What this task involves
From the material below, retype exactly the lines that begin at the line with "GD Bobblehead Dancing Bear Green" and end after the line with "Bluebird fluffed to keep warm. 2"; pictures stay out of the copy.

The records

+--

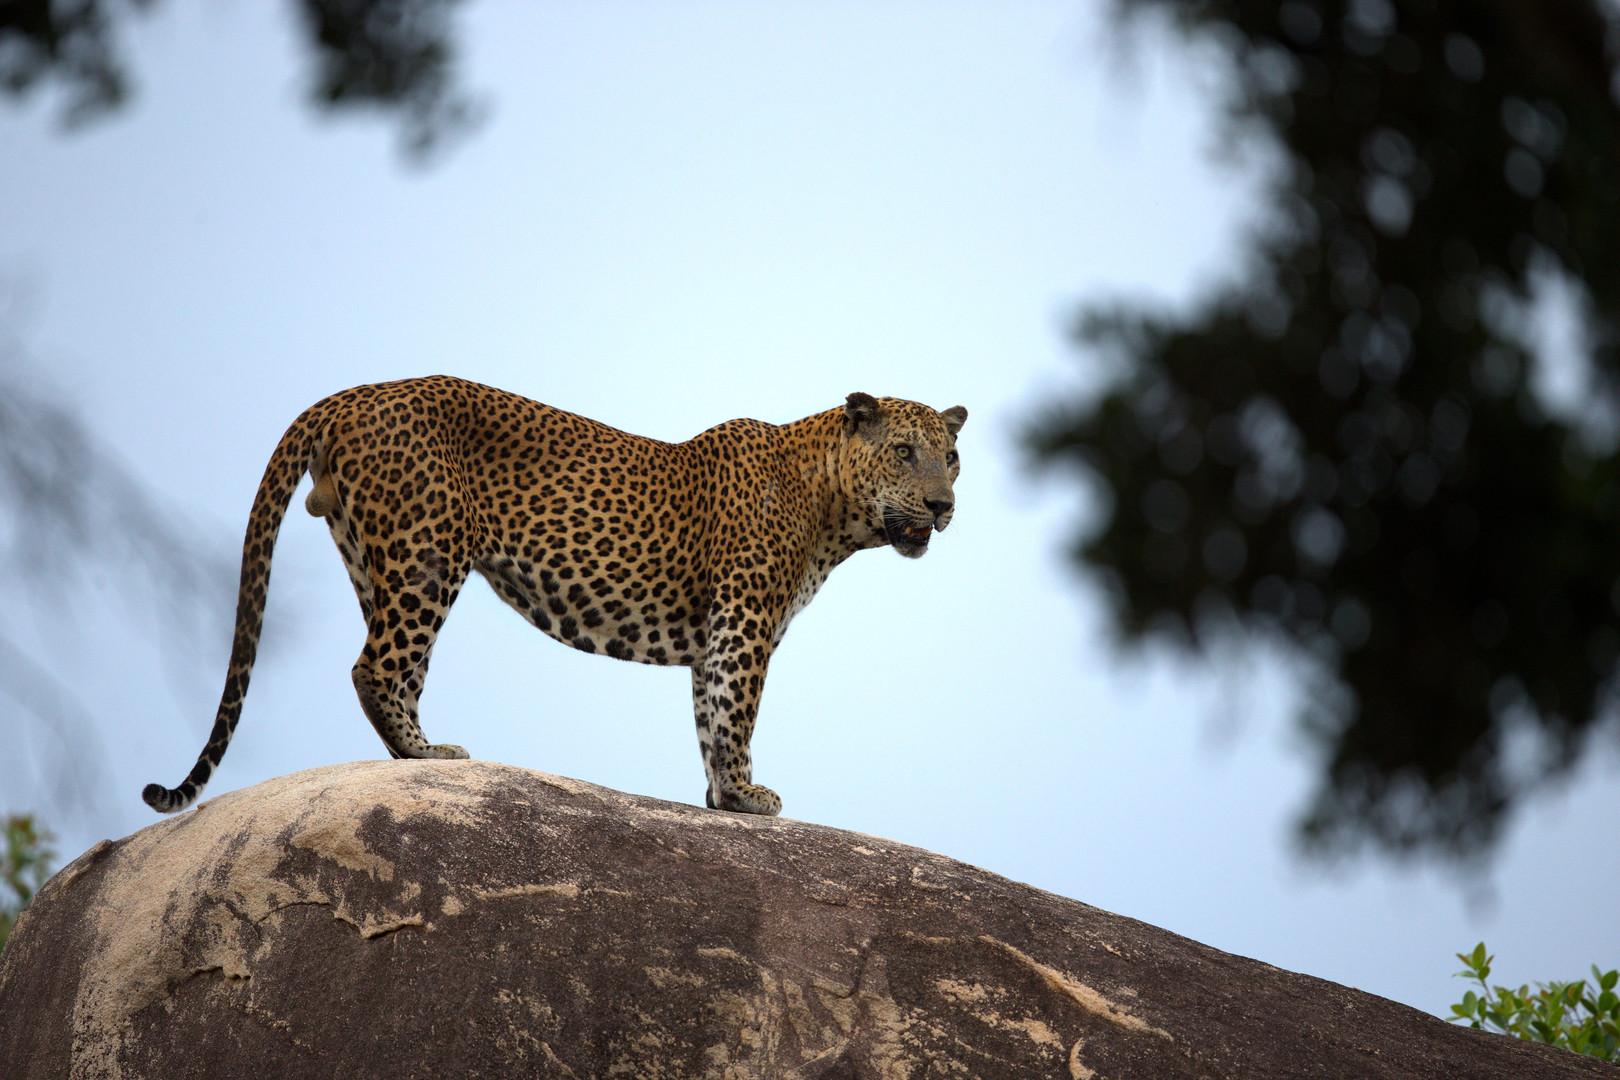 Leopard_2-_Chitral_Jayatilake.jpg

+--

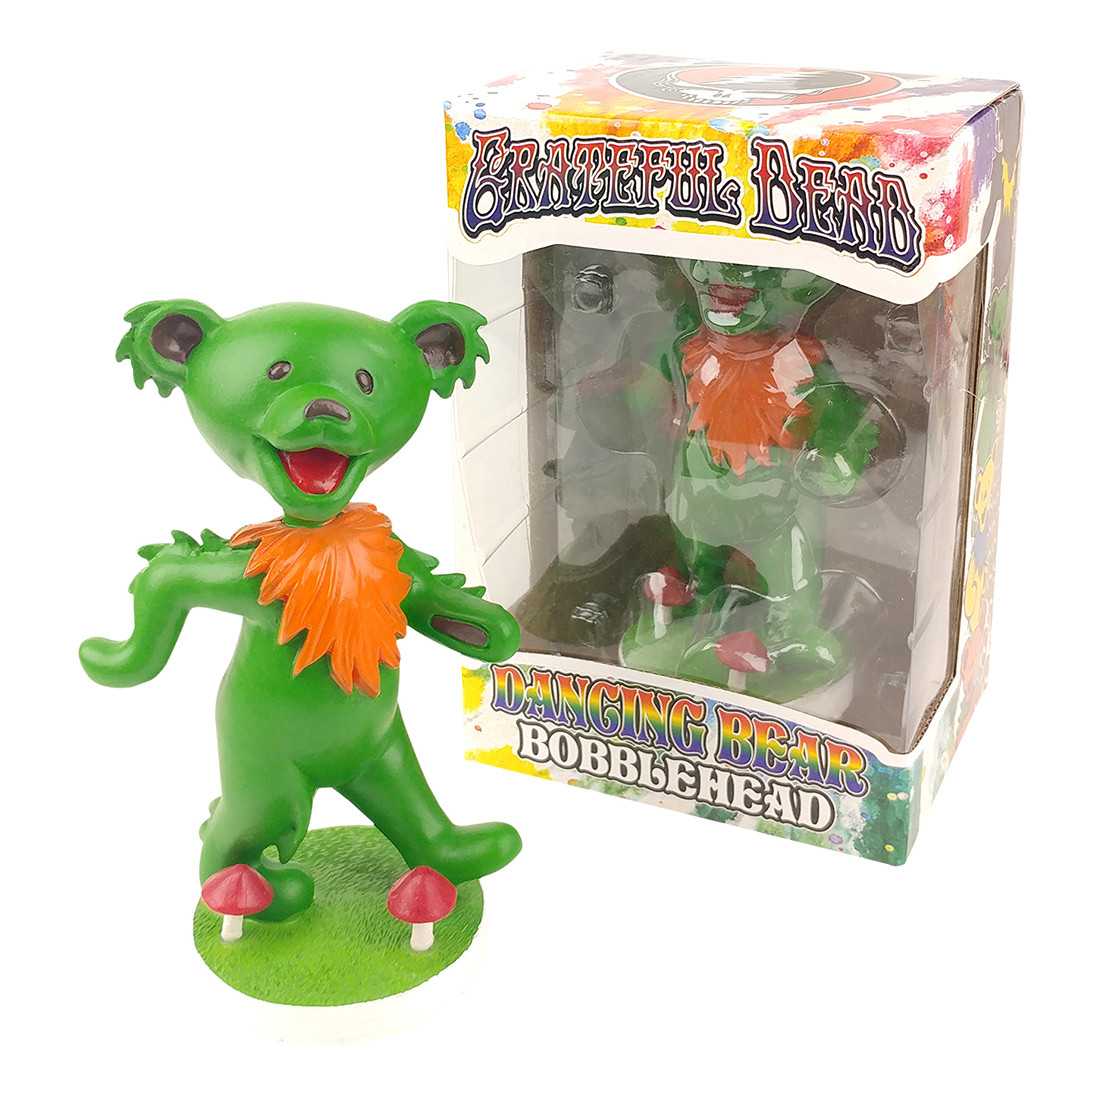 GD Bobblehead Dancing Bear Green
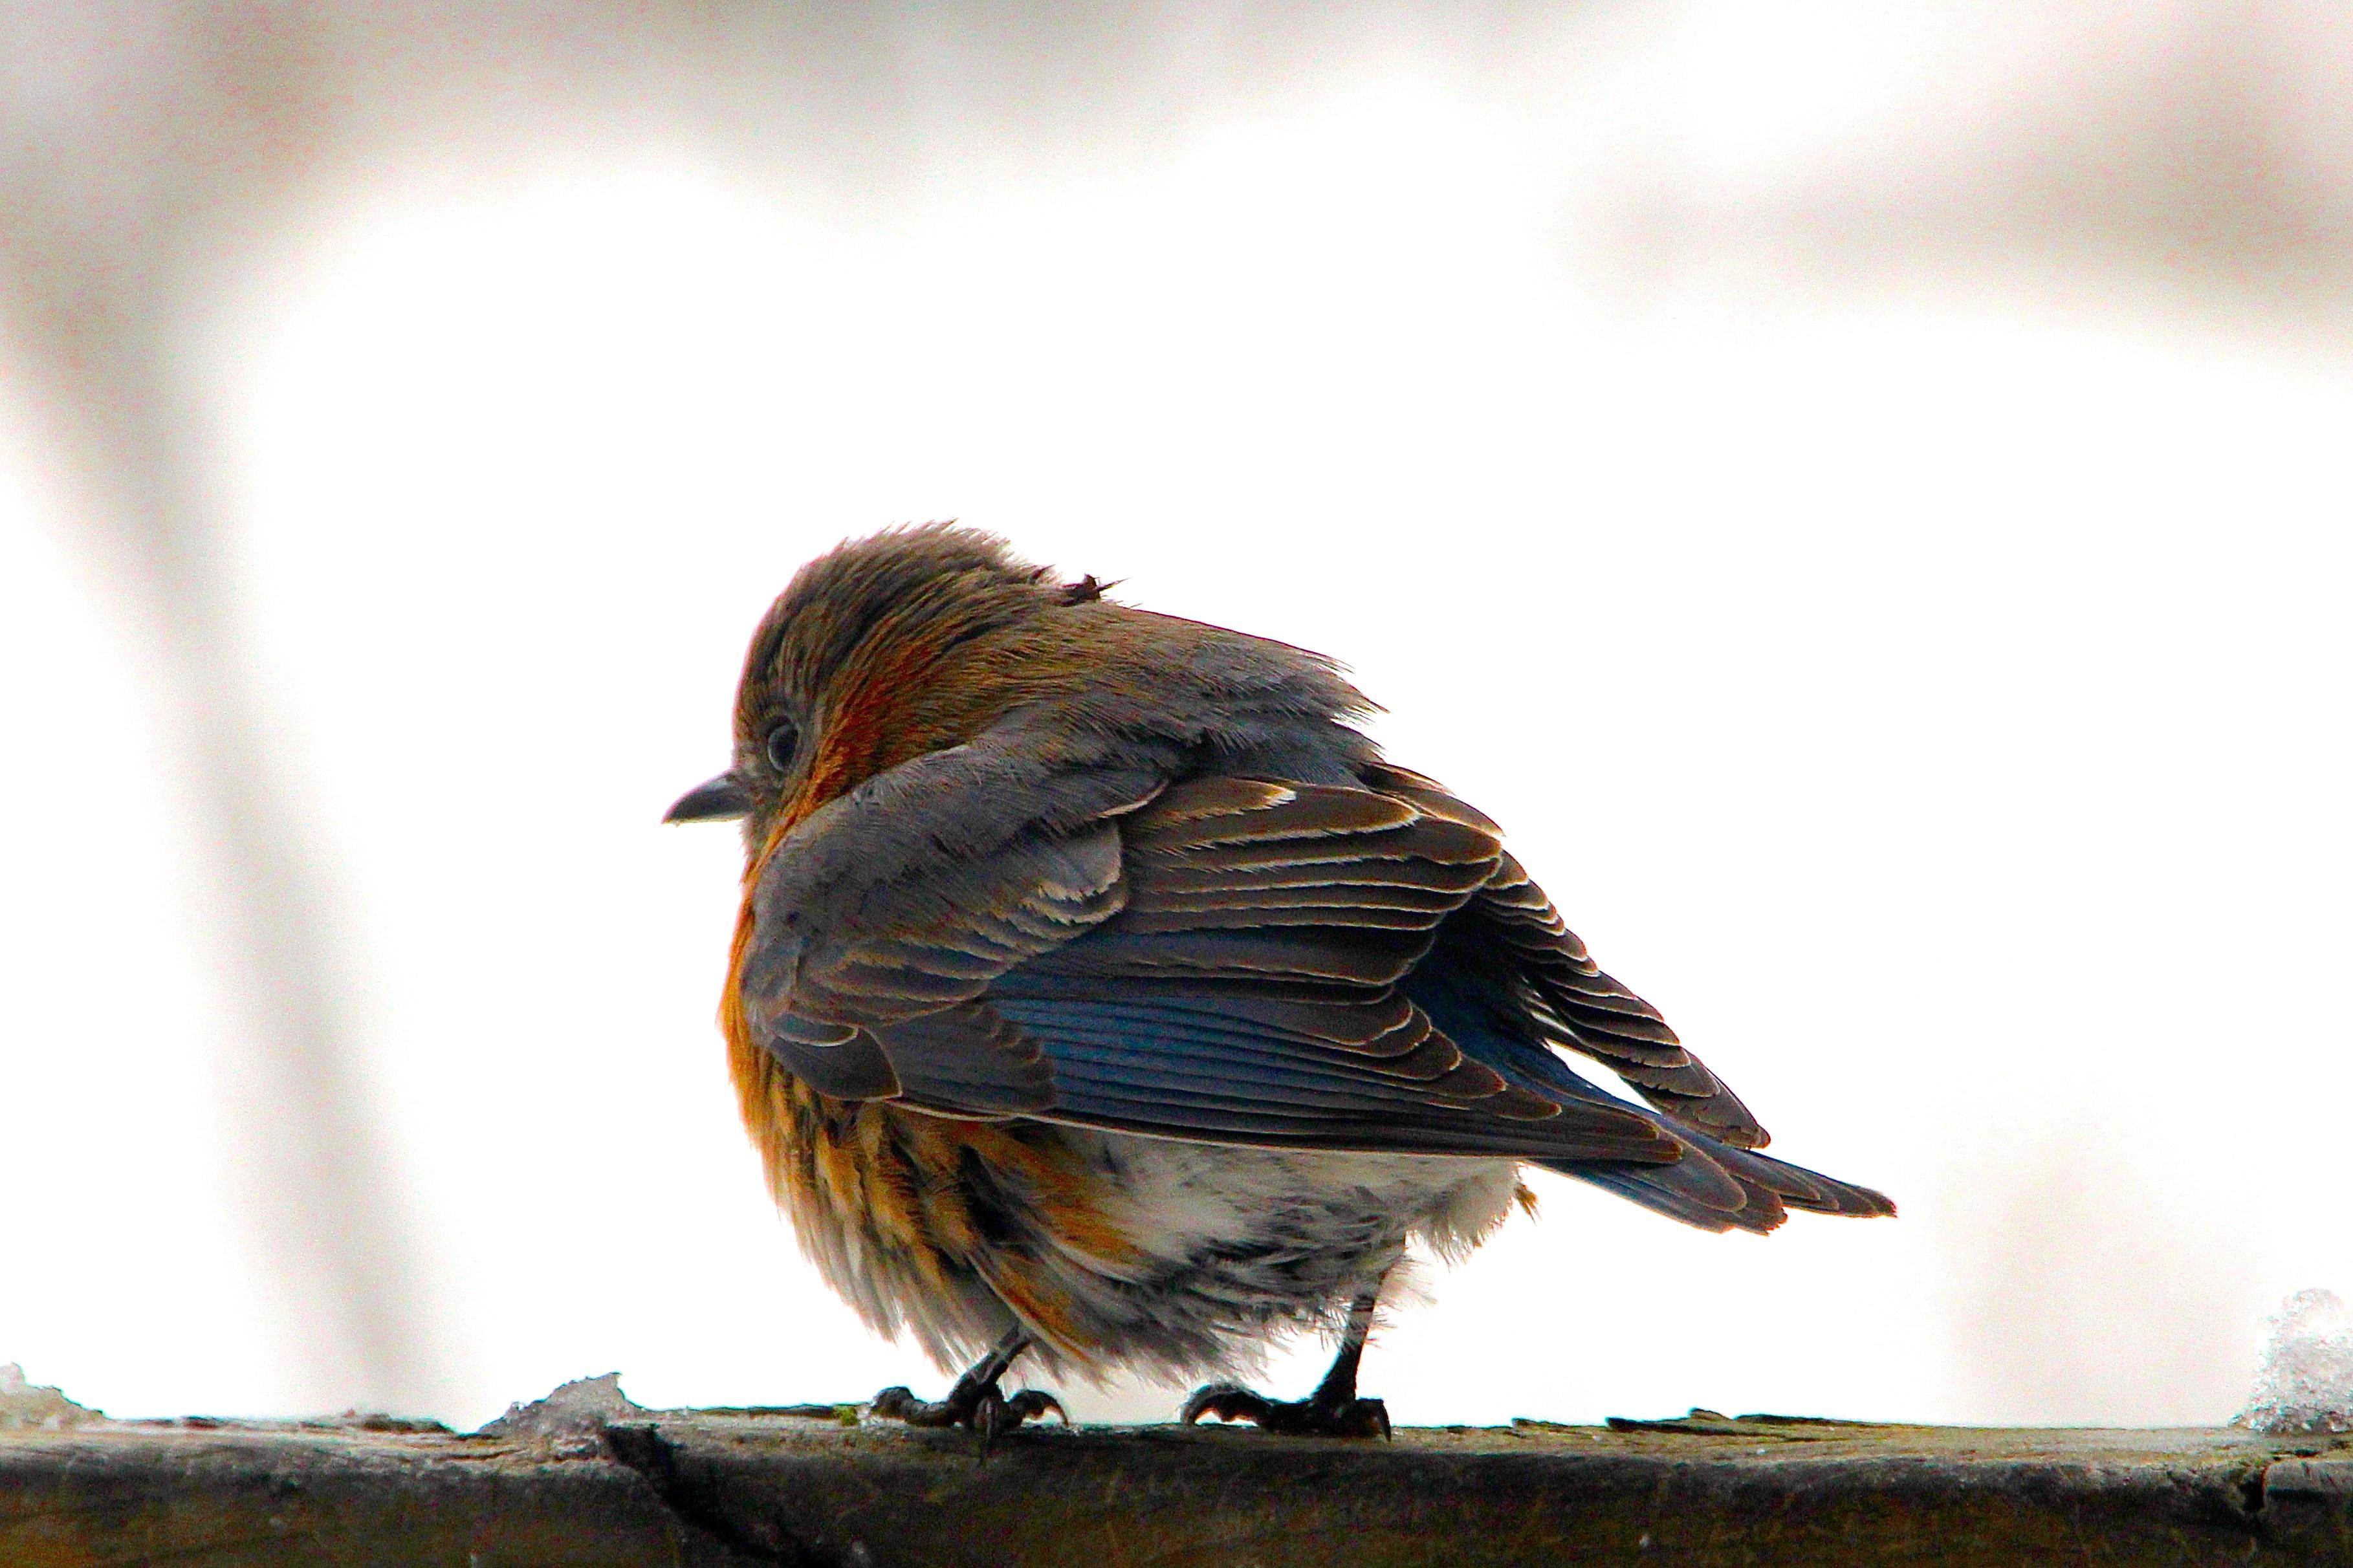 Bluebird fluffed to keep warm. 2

+--

The answer
 GD Bobblehead Dancing Bear Green
 Bluebird fluffed to keep warm. 2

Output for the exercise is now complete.